TRABASNEWS – Partai Persatuan Pembangunan (PPP) kembali menghadapi konflik internal setelah dua tokoh, Mardiono dan Agus Suparmanto, sama-sama menyatakan diri sebagai Ketua Umum terpilih dalam pelaksanaan Muktamar X di Ancol, Jakarta Utara, Sabtu (27/9/2025).
Ketegangan muncul sejak hari pertama muktamar ketika pimpinan sidang, Amir Uskara, mengumumkan Mardiono sebagai Ketua Umum PPP secara aklamasi. Ia disebut mendapat dukungan dari 1.304 pemilik hak suara. “Selamat kepada Pak Mardiono yang terpilih secara aklamasi dalam Muktamar X,” ujar Amir dalam konferensi pers usai sidang.
Mardiono menyebut bahwa percepatan pemilihan dilakukan karena ada indikasi potensi keributan. Ia mengacu pada Pasal 11 AD/ART partai, yang membolehkan percepatan proses dalam kondisi darurat. “Ini adalah langkah penyelamatan dalam situasi yang sangat genting,” tegas Mardiono.
Namun, langkah tersebut langsung menuai penolakan dari sejumlah kader partai. Ketua Majelis Pertimbangan PPP, Muhammad Romahurmuziy (Romy), menilai penetapan Mardiono sebagai ketua umum tidak sah. Ia menyebut proses pemilihan belum selesai hingga malam hari pukul 22.30 WIB.

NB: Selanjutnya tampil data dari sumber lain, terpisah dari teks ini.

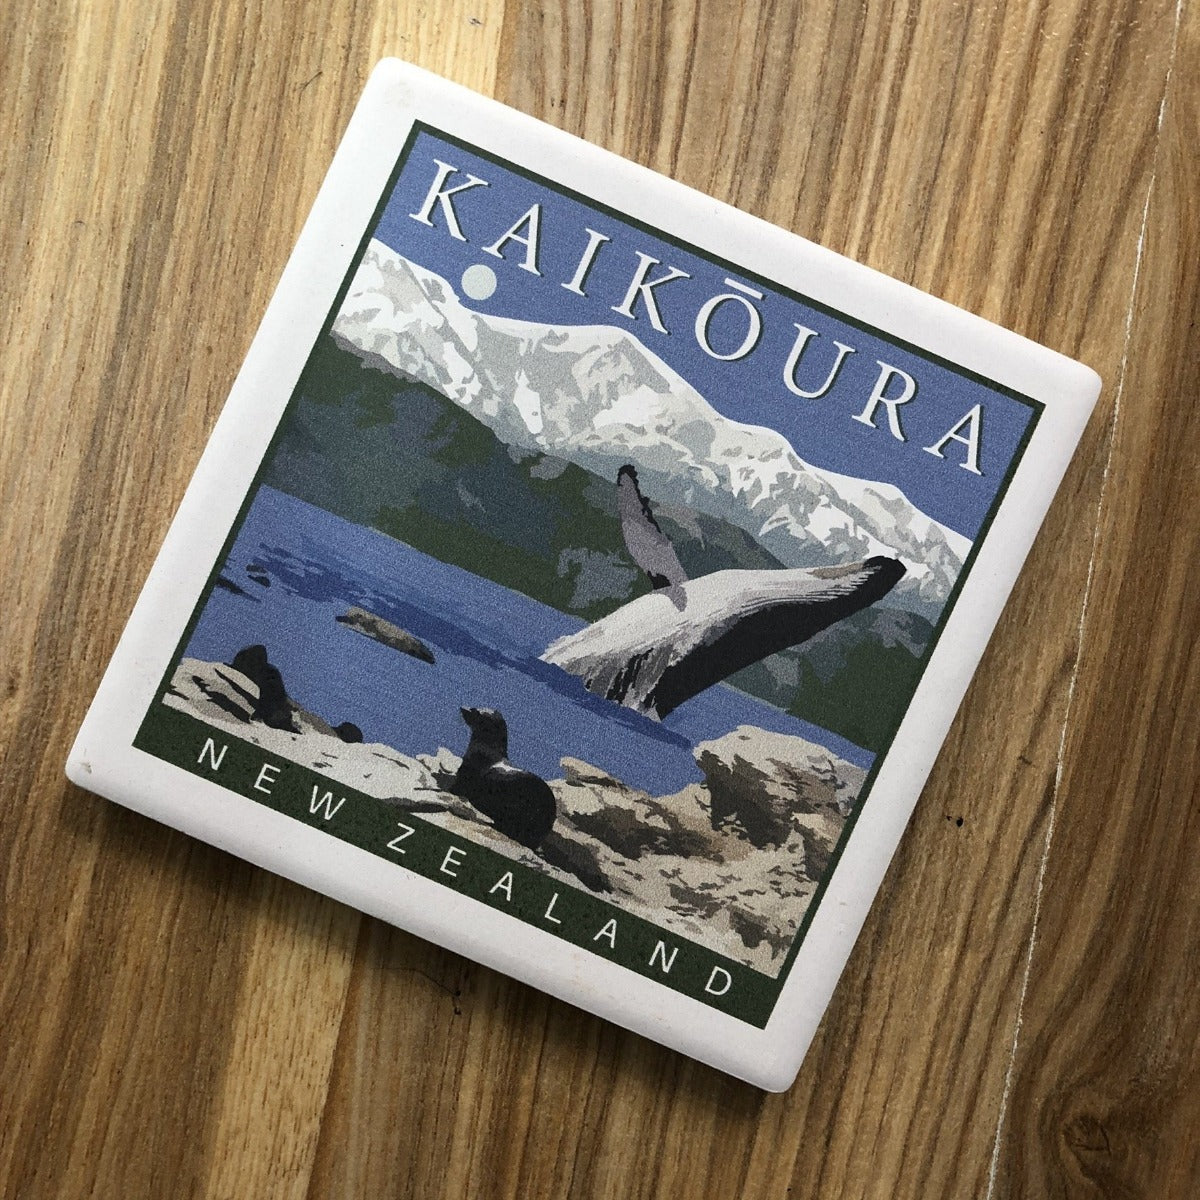 jade kiwi kaikoura new zealand coasters

Romy bahkan menyebut kabar pemilihan aklamasi tersebut sebagai berita palsu. “Pernyataan bahwa Mardiono terpilih secara aklamasi adalah klaim sepihak yang menyesatkan. Ini upaya memecah belah partai,” kata Romy dalam pernyataan tertulis.
Akibat ketidakpuasan terhadap penetapan Mardiono, kubu yang kontra kemudian mendeklarasikan mantan Menteri Perdagangan Agus Suparmanto sebagai Ketua Umum PPP versi mereka.
Sejarah Dualisme Terulang
Perpecahan ini seolah mengulang krisis kepemimpinan yang pernah terjadi di PPP pada 2014 lalu. Kala itu, Romy juga menjadi tokoh sentral yang menggulingkan kepemimpinan Surya Dharma Ali setelah perbedaan pandangan politik terkait dukungan dalam Pilpres.
Situasi semakin rumit ketika dua muktamar digelar secara terpisah, satu di Surabaya yang mengangkat Romy sebagai ketua umum, dan satu lagi di Jakarta yang menetapkan Djan Faridz sebagai pimpinan partai.
Konflik tersebut baru mereda setelah Mahkamah Agung memutuskan lewat Peninjauan Kembali (PK) pada 2017, yang mengakui kepemimpinan Romy sebagai sah. Sebelumnya, sempat diadakan Muktamar islah sebagai upaya rekonsiliasi pada 2016.
Kini, konflik serupa kembali muncul dan berpotensi memperpanjang deretan konflik internal di tubuh partai berlambang Ka’bah tersebut.